The 2eac2a4c (ls-files -k: a directory only can be killed if the
index has a non-directory, 2013-08-15) is NOT a correctness fix.

It is an optimization to avoid scanning directories that are known
not to be killed when ls-files -k is asked to list killed
paths. The original code without the patch is correct already; it
just is too inefficient because it scans all the directories.  It is
not surprising if the test added by 3c568751 (t3010: update to
demonstrate ls-files -k optimization pitfalls, 2013-08-15) passes
without 2eac2a4c.

As its log message explains, 3c568751 (t3010: update to demonstrate
ls-files -k optimization pitfalls, 2013-08-15) is to catch a case
where an earlier something like this patch (which is the draft for
2eac2a4c) posted to the list would have broken.  That draft patch
was correct only for the case where the top-level directory is
killed, but was broken when a subdirectory (e.g. pathx/ju) is
killed.

--
To unsubscribe from this list: send the line unsubscribe git in
the body of a message to majord...@vger.kernel.org
More majordomo info at  http://vger.kernel.org/majordomo-info.html


Re: t3010 broken by 2eac2a4

2013-08-22 Thread Eric Sunshine
On Thu, Aug 22, 2013 at 5:16 PM, Junio C Hamano gits...@pobox.com wrote:
 Eric Sunshine sunsh...@sunshineco.com writes:

 I can confirm this failure on OS X, however, I am somewhat confused by
 the follow-up t3010 changes in 3c56875176390eee. Are the t3010 changes
 supposed to fail without 2eac2a4cc4bdc8d7 applied? For me, on Linux,
 the tests succeed whether 2eac2a4cc4bdc8d7 is applied or not. On OS X,
 the tests succeed without 2eac2a4cc4bdc8d7 but fail with it applied.

 The 2eac2a4c (ls-files -k: a directory only can be killed if the
 index has a non-directory, 2013-08-15) is NOT a correctness fix.

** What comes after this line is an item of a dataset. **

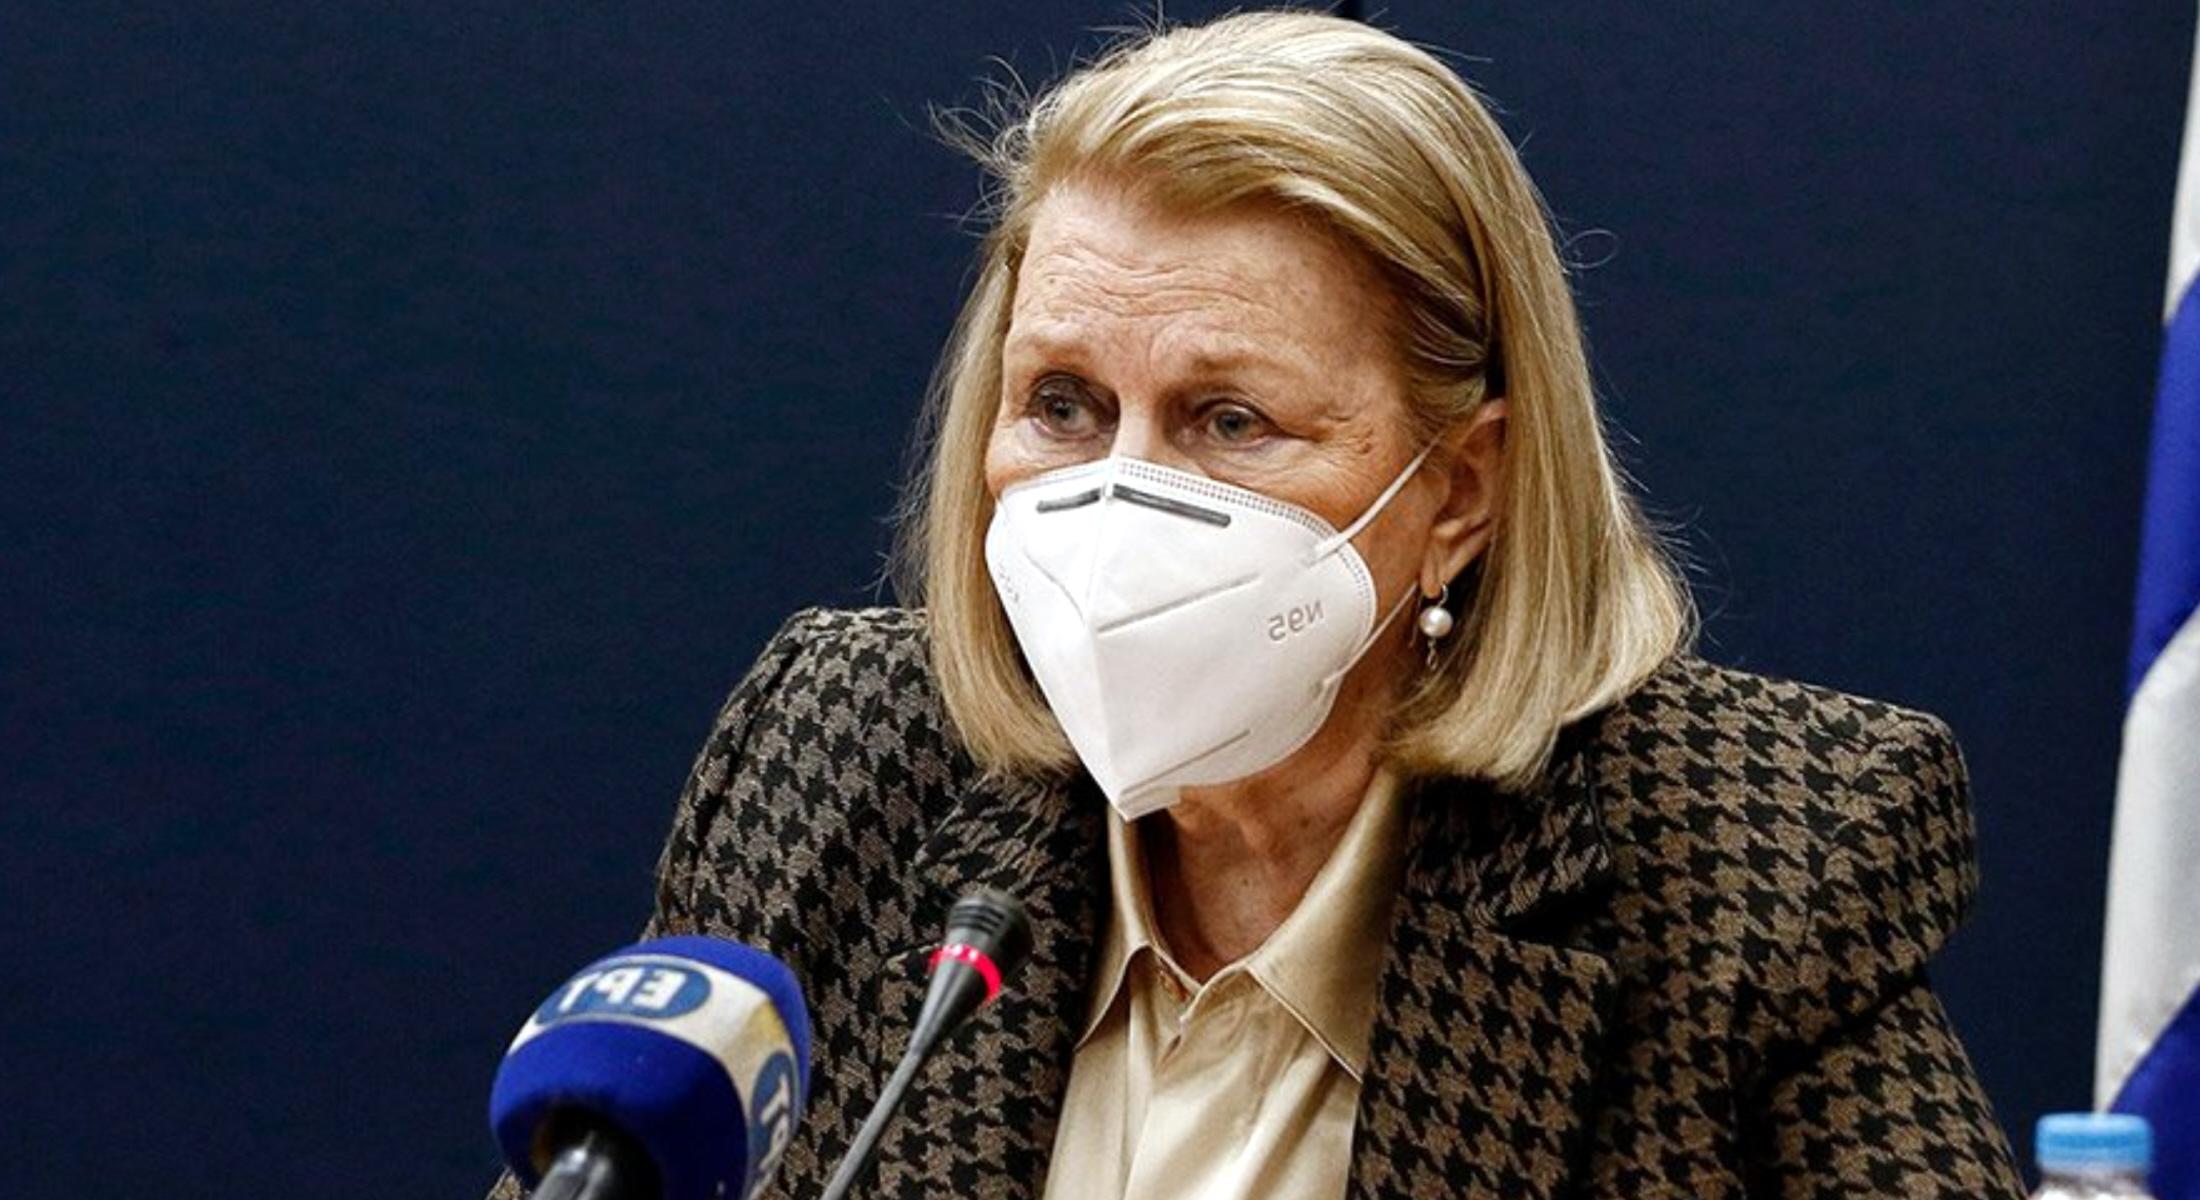 Μαρία Θεοδωρίδου Επιτροπή Εμβολιασμών: Ανάγκη για παγκόσμια συμβολική χειραψία [vid]

 It is an optimization to avoid scanning directories that are known
 not to be killed when ls-files -k is asked to list killed
 paths. The original code without the patch is correct already; it
 just is too inefficient because it scans all the directories.  It is
 not surprising if the test added by 3c568751 (t3010: update to
 demonstrate ls-files -k optimization pitfalls, 2013-08-15) passes
 without 2eac2a4c.

 As its log message explains, 3c568751 (t3010: update to demonstrate
 ls-files -k optimization pitfalls, 2013-08-15) is to catch a case
 where an earlier something like this patch (which is the draft for
 2eac2a4c) posted to the list would have broken.  That draft patch
 was correct only for the case where the top-level directory is
 killed, but was broken when a subdirectory (e.g. pathx/ju) is
 killed.

Thanks for the explanation.
--
To unsubscribe from this list: send the line unsubscribe git in
the body of a message to majord...@vger.kernel.org
More majordomo info at  http://vger.kernel.org/majordomo-info.html


Re: t3010 broken by 2eac2a4

2013-08-22 Thread Junio C Hamano
Eric Sunshine sunsh...@sunshineco.com writes:

 On Thu, Aug 22, 2013 at 5:16 PM, Junio C Hamano gits...@pobox.com wrote:
 Eric Sunshine sunsh...@sunshineco.com writes:

 I can confirm this failure on OS X, however,...

 Thanks for the explanation.

Now, I am curious how it breaks on OS X.

My suspition is that ignore_case may have something to do with it,
but what 2eac2a4c (ls-files -k: a directory only can be killed if
the index has a non-directory, 2013-08-15) uses are the bog-standard
cache_name_exists() and directory_exists_in_index(), so one of these
internal API implementation has trouble on case insensitive
filesystems, perhaps?  I dunno.
--
To unsubscribe from this list: send the line unsubscribe git in
the body of a message to majord...@vger.kernel.org
More majordomo info at  http://vger.kernel.org/majordomo-info.html


Re: t3010 broken by 2eac2a4

2013-08-22 Thread Eric Sunshine
On Thu, Aug 22, 2013 at 5:32 PM, Junio C Hamano gits...@pobox.com wrote:
 Eric Sunshine sunsh...@sunshineco.com writes:

 On Thu, Aug 22, 2013 at 5:16 PM, Junio C Hamano gits...@pobox.com wrote:
 Eric Sunshine sunsh...@sunshineco.com writes:

 I can confirm this failure on OS X, however,...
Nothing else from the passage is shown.